Location: Log "cabin" west of Bangor
5,721 posts, read 6,912,654 times
Reputation: 10448
Quote:
Originally Posted by Chaofan View Post
If you don't have good virus protection on your computer, you should consider installing it, which might help to prevent similar problems in the future.
No, that won't help with this particular problem.

I have run into this myself recently, as a result of an event on a website that I help to manage. External Google and Bing searches, and internal searches (which use Google functions) return links that appear to be valid, but if clicked directly the user is taken to an unexpected site. While many of the sites appear to be adult-oriented, one is a scammer site with a "Your computer is infected blah blah blah.

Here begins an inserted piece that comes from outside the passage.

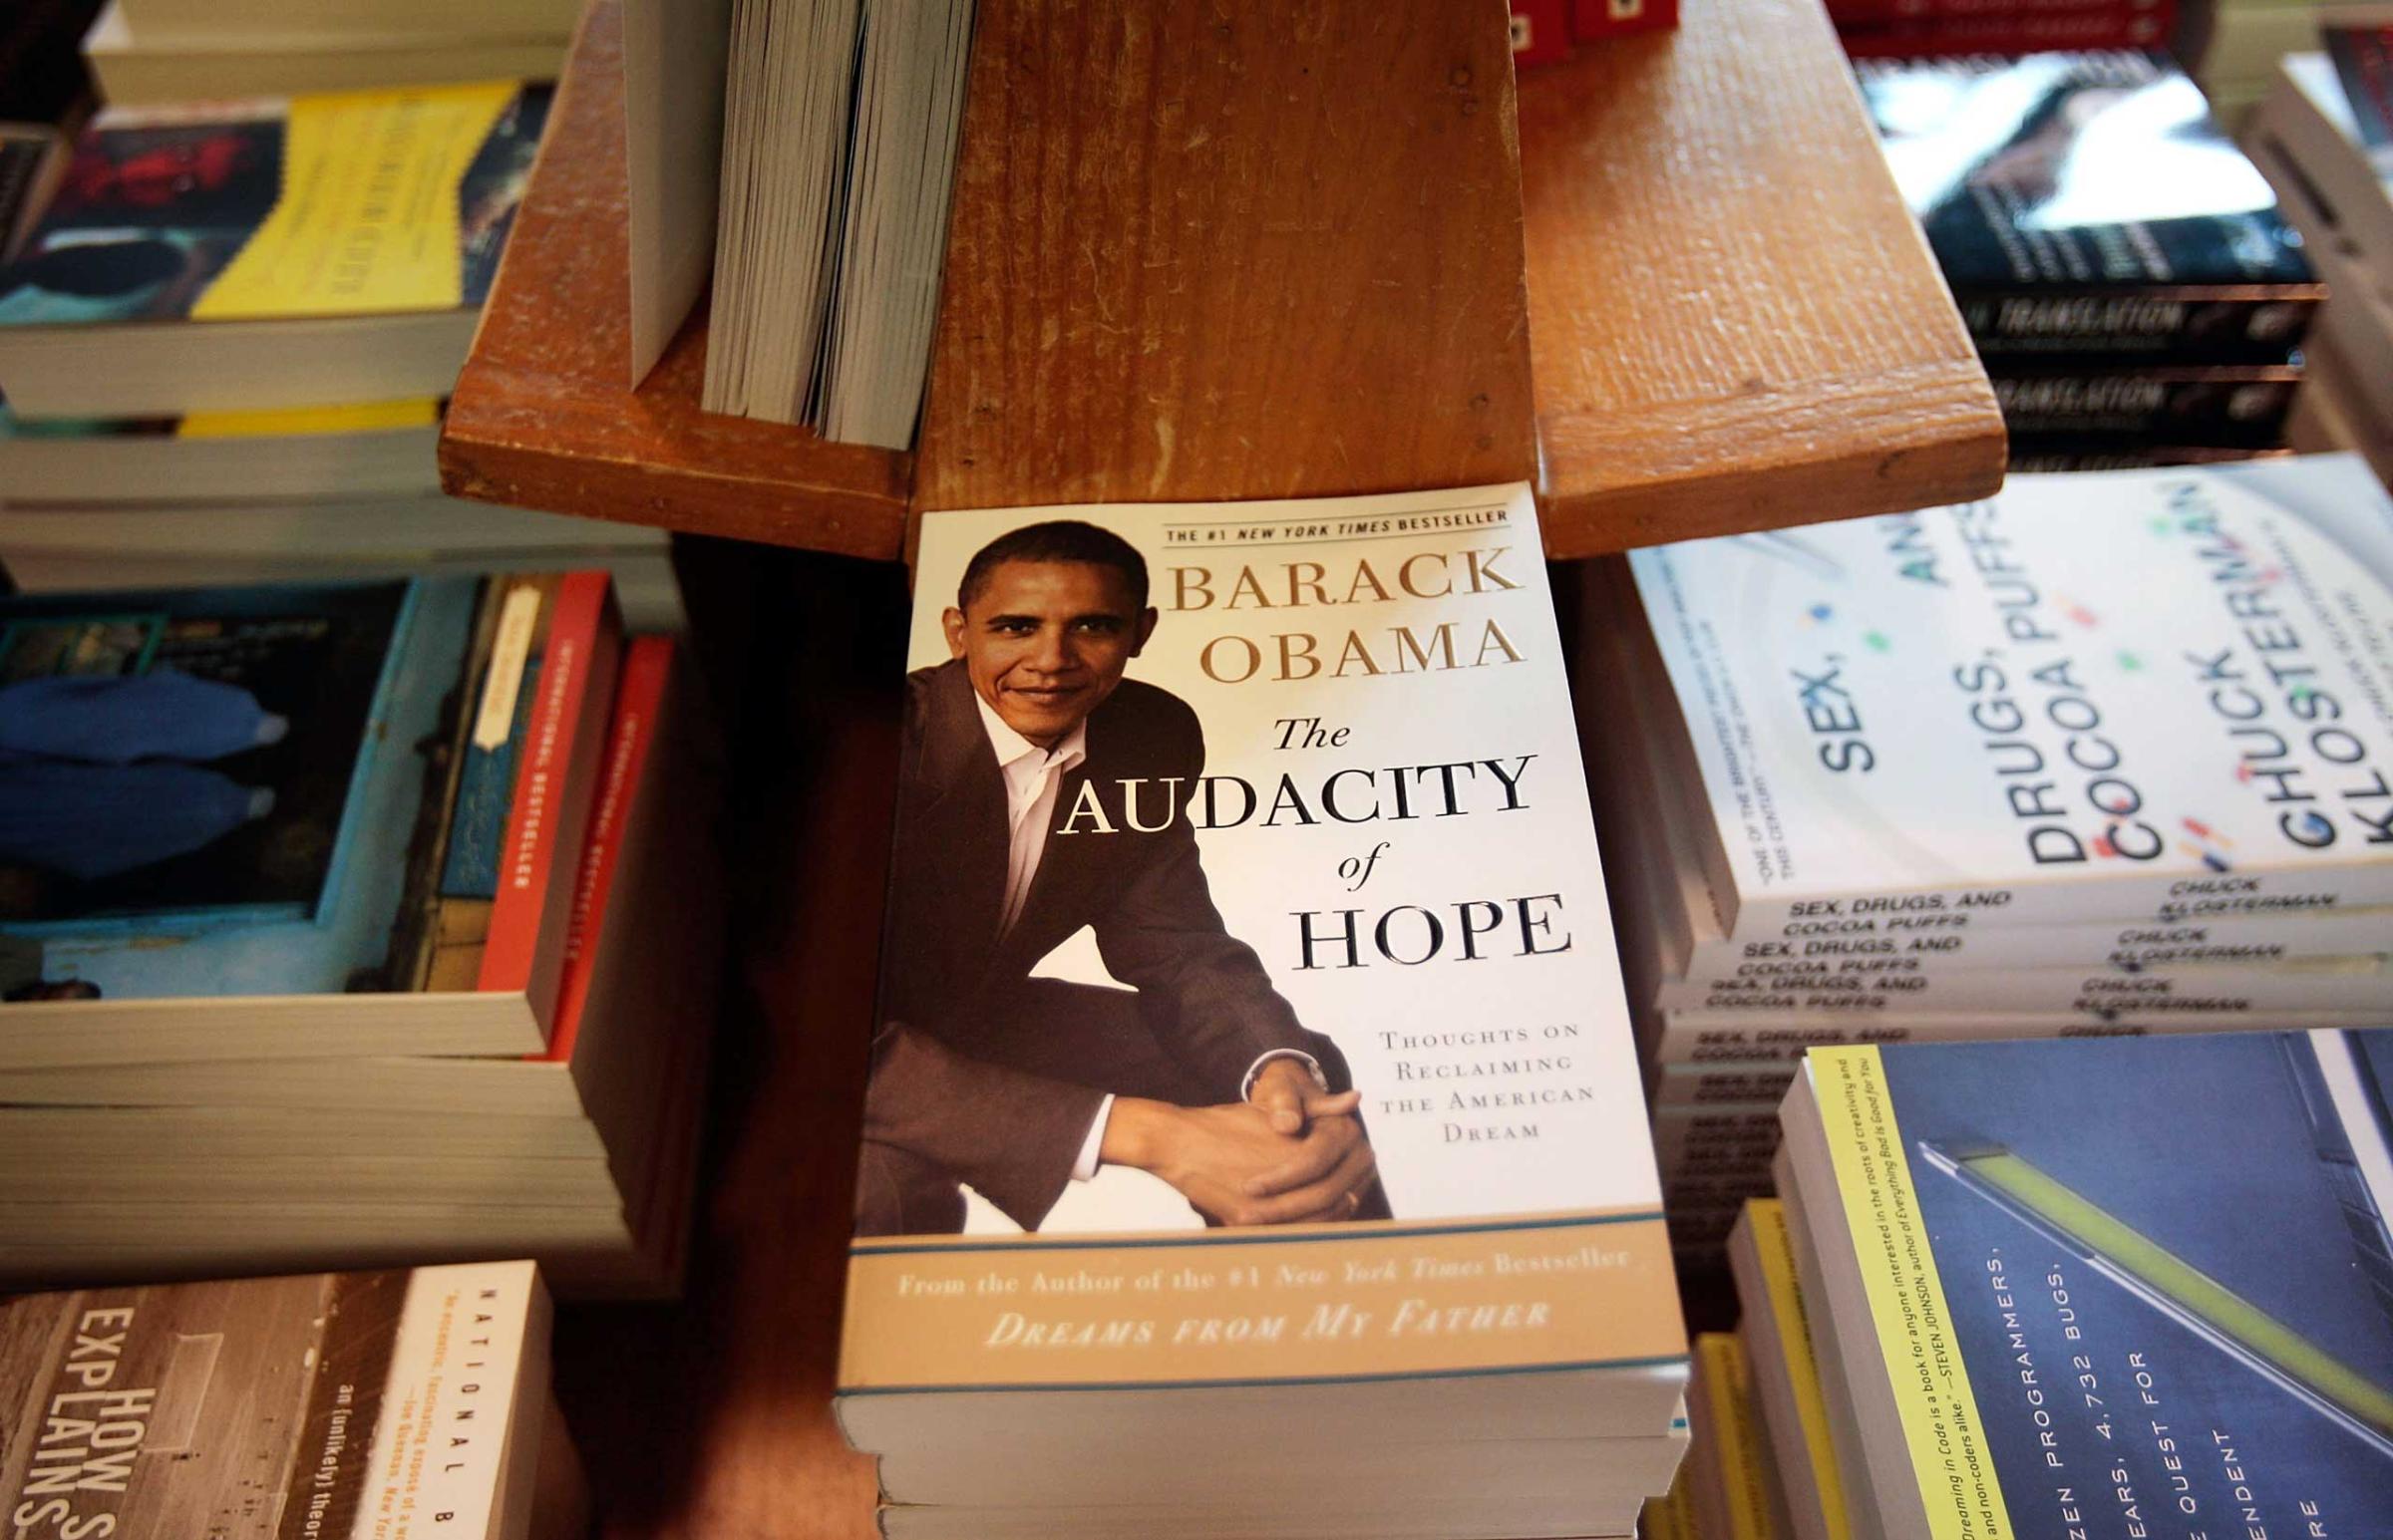 Democratic presidential candidate Sen. Barack Obama's book "The Audacity of Hope" is displayed at a bookstore in New York City on July 14, 2008.

Call Microsoft Support at (Tel. No.) to fix."

There is nothing 'wrong' with the machine at this point. There is no virus or other malware installed.

All the user needs to do is close the browser tab/window and everything is fine.


It is only if the user actually calls the number and allows the 'tech' (scammer) access to the machine that anything bad happens.

A virus scanner will not prevent this from occurring, as the scam dupes the unwitting/ignorant user into giving the scammer direct access to the machine.

This is an education problem, not a virus problem.

This issue is currently known to affect Google and Bing search engines and functions and can occur whether you use the search function in your browser or if you go to the Google or Bing website directly and search from there.

This issue DOES NOT affect users using the DuckDuckGo search engine, either through the site directly or through the browser. (I am not sure how or why this is, but it is.)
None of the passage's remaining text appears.